Parenting is the best thing in the world. Though the long and cold winter days may induce claustrophobia and stir-craziness, there are a million other things to rejoice about day to day. Like this blissful bagel and cream cheese session at breakfast.

Help...

It's five degrees. My son is sick. My house is basically uninhabitable by humans (though we seem to be managing ok). And I have a shitload of work to do.

To top it off, I've had no sleep - I shared my bed last night with said sick toddler, who flopped like a fish out of water until 4:30 a.m.

As we speak, he is handing me a partially-chewed raisin, which he found on the dust-bunny covered floor, and begging, like a forlorn puppy dog, for more snacks.

I know how today is going to go. He'll ask to construct his jumbo Thomas puzzle, which request I will oblige. But halfway through, he'll pull apart the pieces I have sleepily put together, then dump out his wooden train set. By the time I have that set up, his heart will again be set on Thomas, not the puzzle, but the squadron of various blue trains bearing that creepy happy face that are too big to push on said train track. The puzzle is interesting again. He'll point to the window and ask to see the moon, which is not yet visible. I will wipe his nose. This routine will go on for a good hour or two.

I'll call my next-door-neighbor Sandi, who thankfully will listen to my lament and have a few toddler horror stories of her own. My son will emit screams of displeasure and throw something to get my attention. We'll eat lunch.

He'll nap. I'll search the net, trying to self-diagnose the disease of the week, then when I am finally fully prepared to work, he'll wake. I'll bemoan that I have no time. Sub-zero temperatures persist, so of course we can't go outside. So, the afternoon will go much the same.

But of course, I love all this. It's part of being a parent. And on Wednesdays, at least, we have music class.

05 February 2007

If you're gonna hurl.....

I read yesterday in a blurb published in the Sunday Globe Magazine that some Boston-area restaurants are now serving a popular French delicacy that might make even cow tongue- and frog leg-eaters shiver.

Bone marrow.

The writer describes the gelatinous-looking material as having a deeply meaty flavor. I wonder if Kathy Burge tried it herself.

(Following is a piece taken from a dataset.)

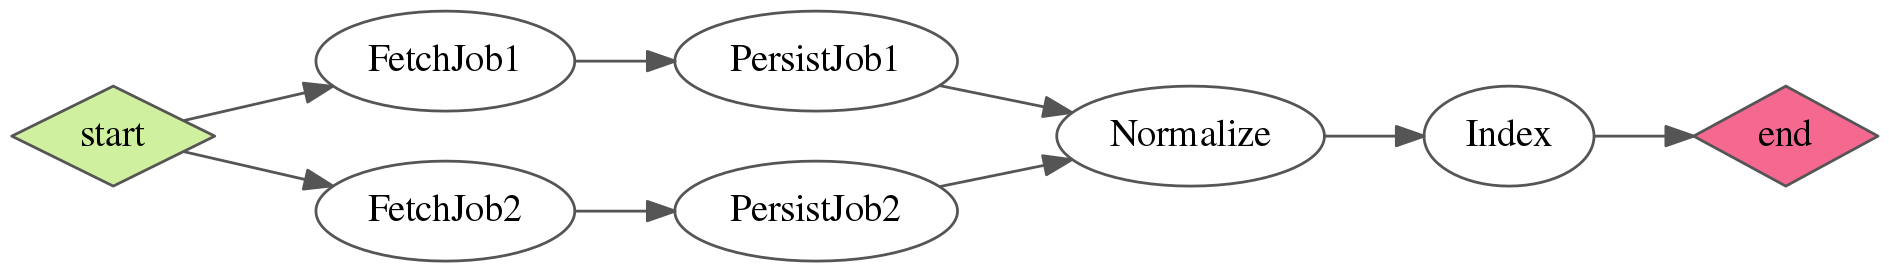 SampleWorkflow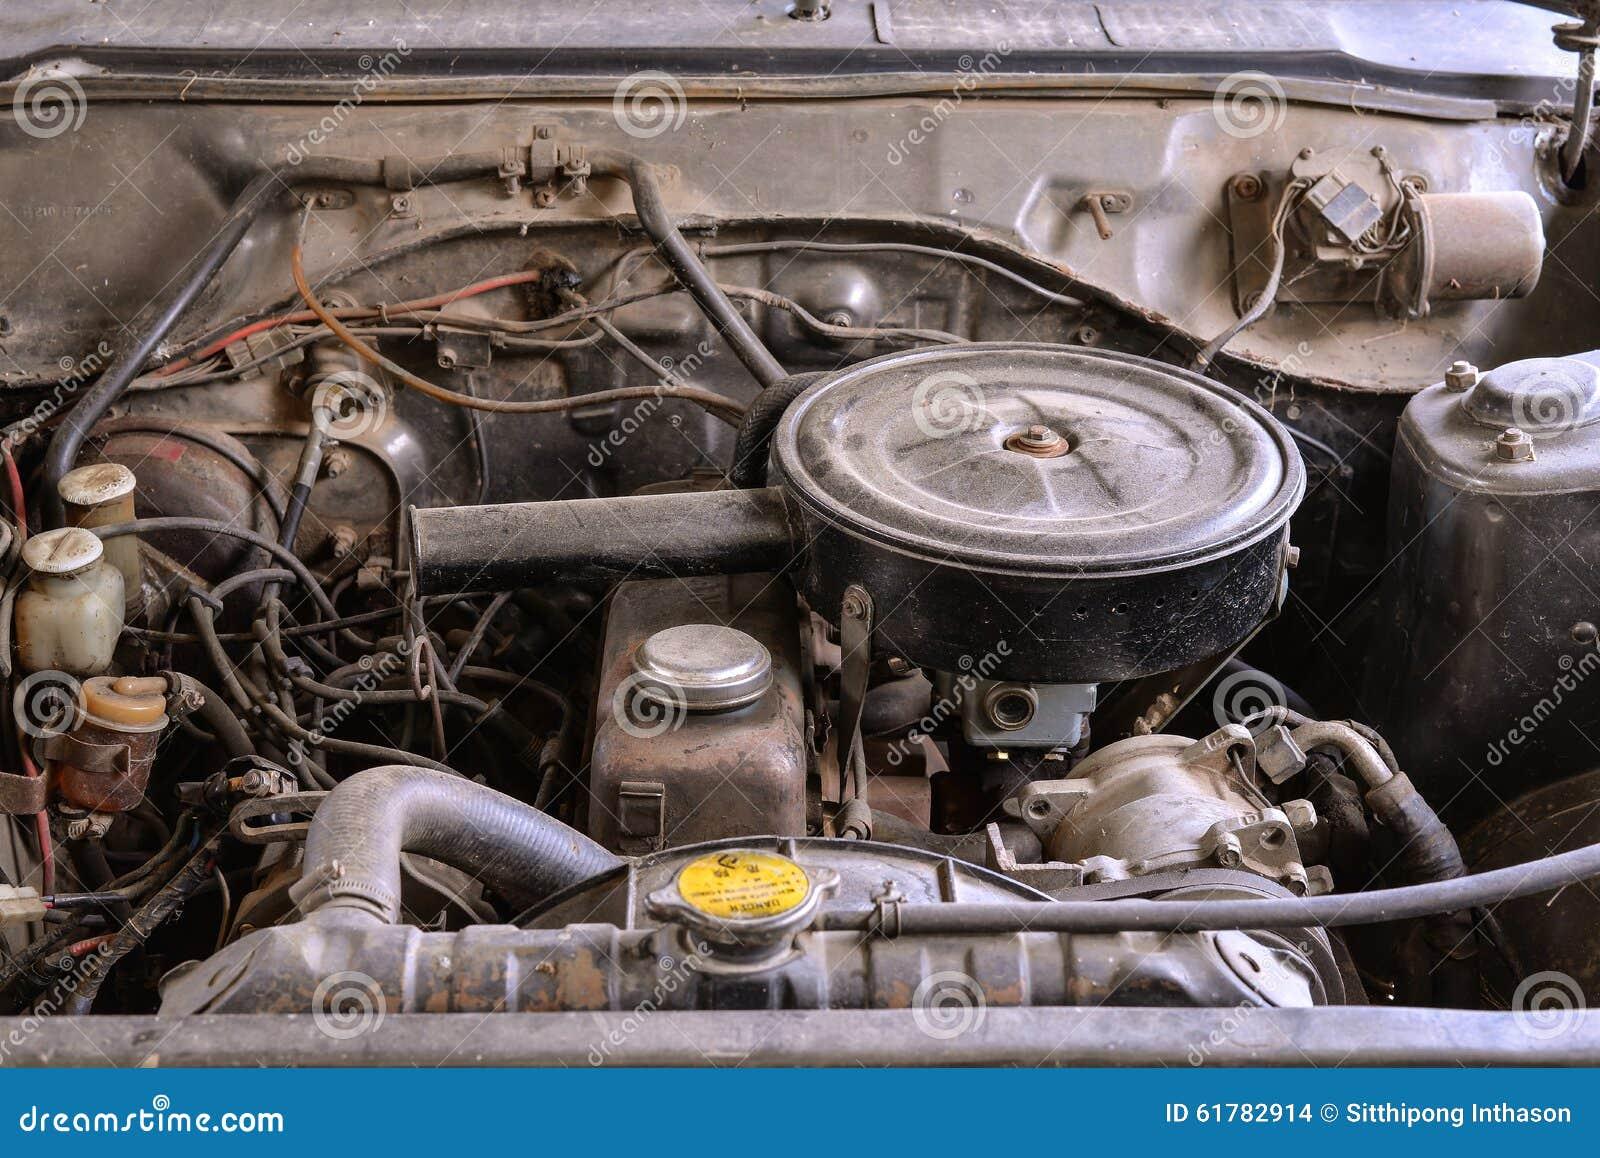 Engine Repair The Old Car Stock Photo | CartoonDealer.com #30042456

It's served by one restaurant, the piece explains, as a red wine and bone marrow risotto. At another, as a side dish to the filet mignon. And in the most appalling and revolting (at least to me) way, it's offered to diners at one restaurant right on the bone.

I like to think of myself as having sophisticated palate, but when I think about eating the insides of an animal's bone, I want to hurl.